Ein Verwaltungsakt sei nach § 12 Abs. 1 Nr. 3 b KAG NRW, § 118 Abs. 1 Satz 1 Abgabenordnung jede Verfügung, Entscheidung oder andere örtliche Maßnahme, die eine Behörde zur Regelung eines Einzelfalls auf dem Gebiet des öffentlichen Rechts treffe und die auf unmittelbare Rechtswirkung nach außen gerichtet sei. Diese Kriterien erfüllten die hier streitgegenständlichen Gebührenbescheide. Durch sie habe die beklagte Stadt Benutzungsgebühren und Vorausleistungen u.a. für die Inanspruchnahme des städtischen Wasserwerks festgesetzt. Die Vermutung der Gültigkeit der Bescheide werde nicht dadurch in Frage gestellt, daß in den Gebührenbescheiden Begriffe wie etwa Jahresverbrauchsrechnung und Grundpreis benutzt würden, die auch im privatrechtlichen Bereich gebräuchlich seien. Denn für das Verständnis und für die Bestimmung des wirklichen Regelungsgehaltes eines Bescheides sei der durch Auslegung zur ermittelnde objektive Erklärungsgehalt aus der Sicht des Empfängers maßgeblich und nicht der äußere Eindruck, auch nicht die Bezeichnung oder Begründung.

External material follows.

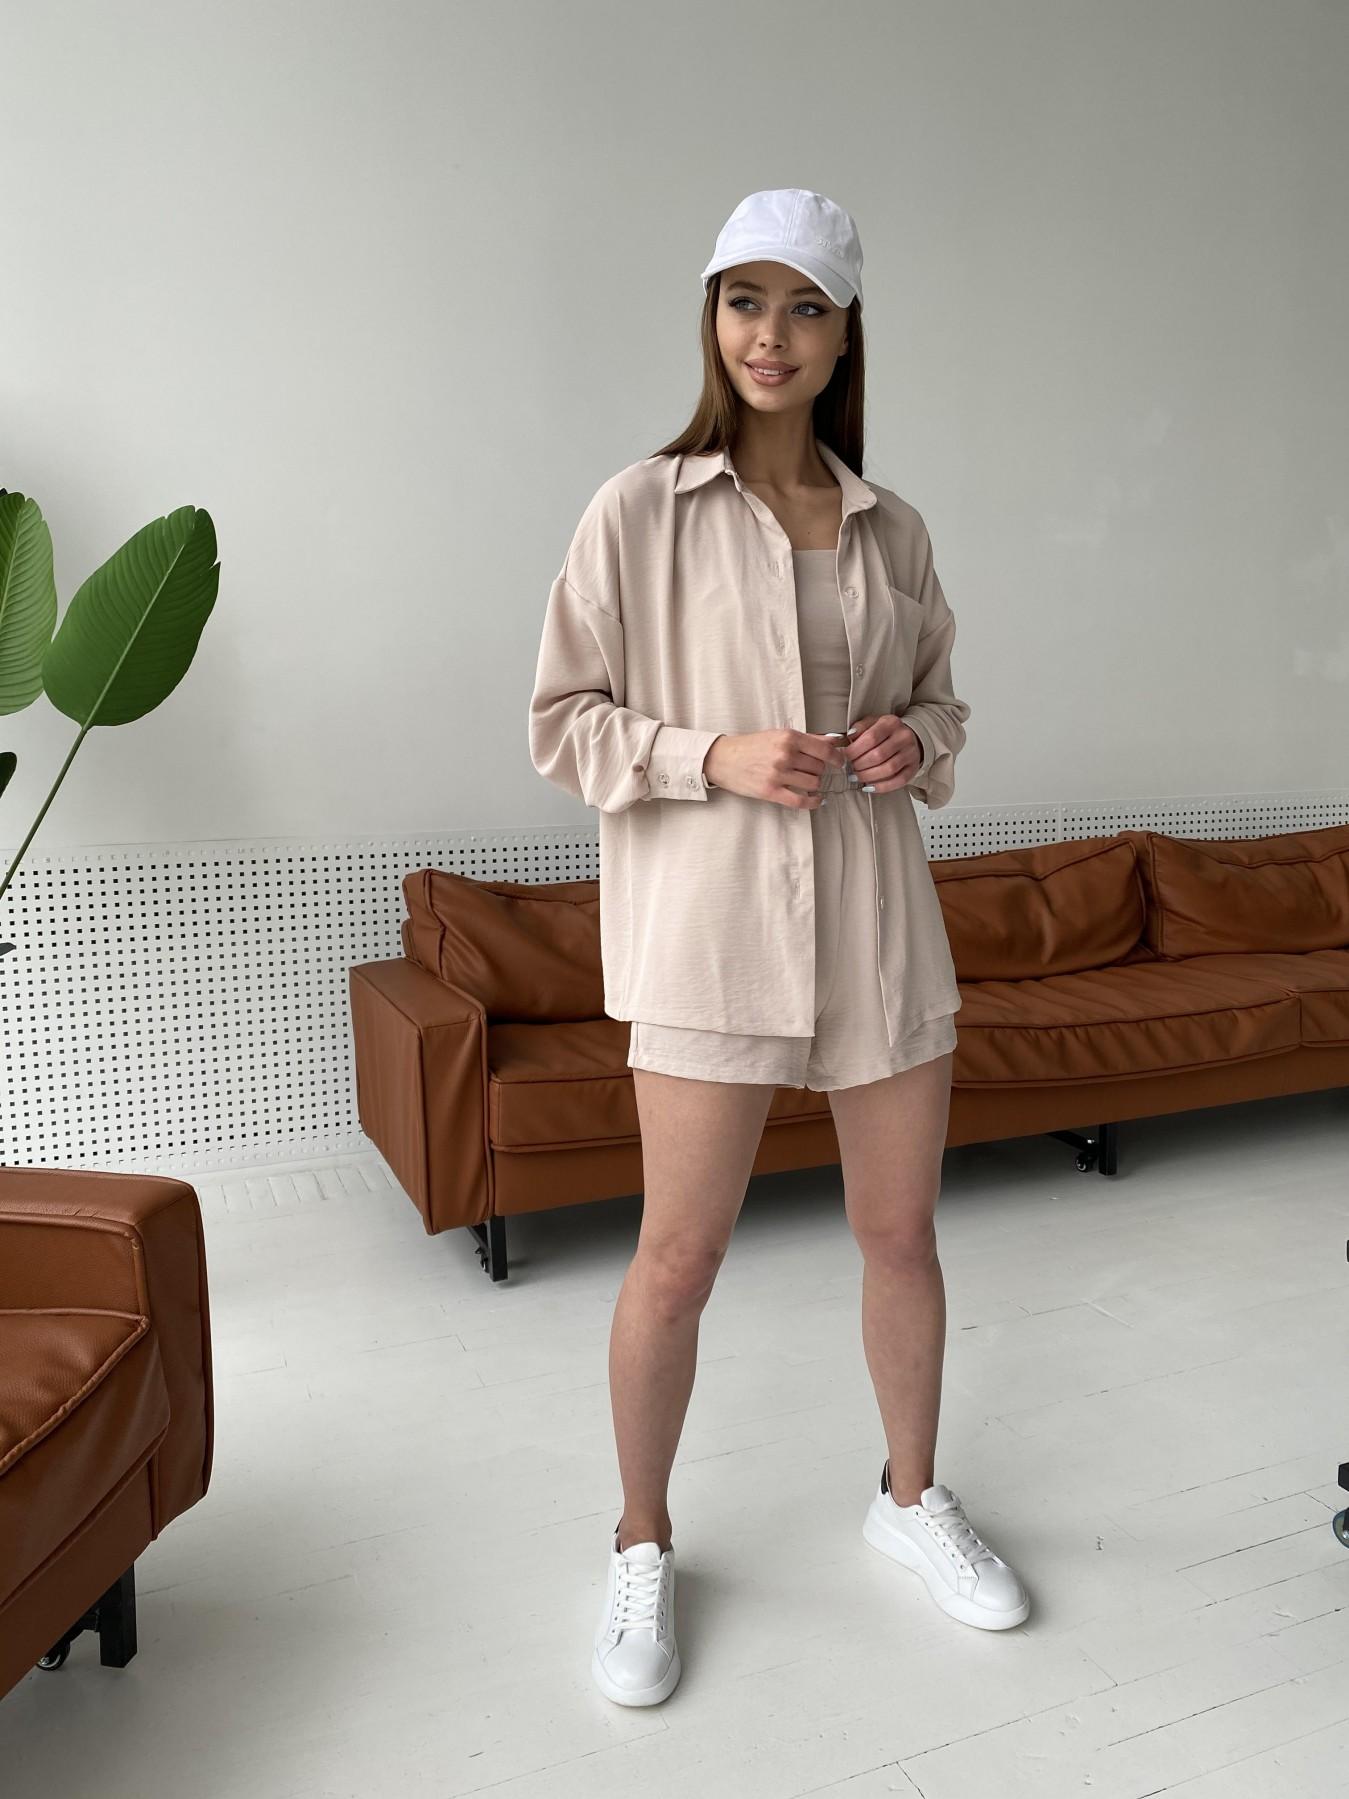 Рико костюм американский из креп ткани 11293 АРТ. 47827 Цвет: Бежевый Светлый - фото 9, интернет магазин tm-modus.ru

Bei verständiger Würdigung des objektiven Erklärungswertes der verwendeten Begriffe und unter Berücksichtigung des übrigen Inhalts seien die Gebührenbescheide im zu entscheidenden Fall nur so zu verstehen, daß eine Jahresgebührenvorauszahlung für die Inanspruchnahme des Wasserwerkes bezogen auf die jeweils angegebenen zeitliche Periode festgesetzt werde. In diesem Sinne habe der Kläger als Adressat der beiden Bescheide diese auch verstanden und jeweils den gesetzlich vorgesehenen Rechtsbehelf eingelegt. Es sei ferner nicht erkennbar, daß die äußere Form der Gebührenbescheide geeignet sei, einen Irrtum dahin zu erwecken, daß diese von einem privatrechtlich organisierten Wasserwerk erstellt worden seien. Aus der Absenderangabe auf dem Bescheid ergebe sich eindeutig, daß die Gebührenbescheide von der Stadt erlassen worden seien. Die werde auch durch die Widerspruchsbescheide bestätigt, in denen ausdrücklich vom Widerspruch "gegen meinen Bescheid" die Rede sei. Gegen eine öffentlich-rechtliche Regelung spreche schließlich nicht die in den Bescheiden vorgenommene Festsetzung der Umsatzsteuer. Denn die Gemeinde könne die Umsatzsteuer den Gebührenpflichtigen auferlegen, soweit die Umsätze ihrer Einrichtung der Umsatzsteuerpflicht unterliegen würden.

Die Geschäftsstelle weist ergänzend auf folgendes hin: Mit dem Urteil des OVG NRW vom 23. August 2001 (Az.: 9 A 5592/00) wird deutlich, daß ein Gebührenbescheid lediglich in besonderen Ausnahmefällen nichtig ist. Gleichwohl empfiehlt die Geschäftsstelle auf einem Schreiben, welches ein Gebührenbescheid sein soll, auch deutlich lesbar das Wort "Gebührenbescheid" anzubringen und textlich klarzustellen, daß eine Gebühr auf der Grundlage einer namentlich genannten Gebührensatzung erhoben wird.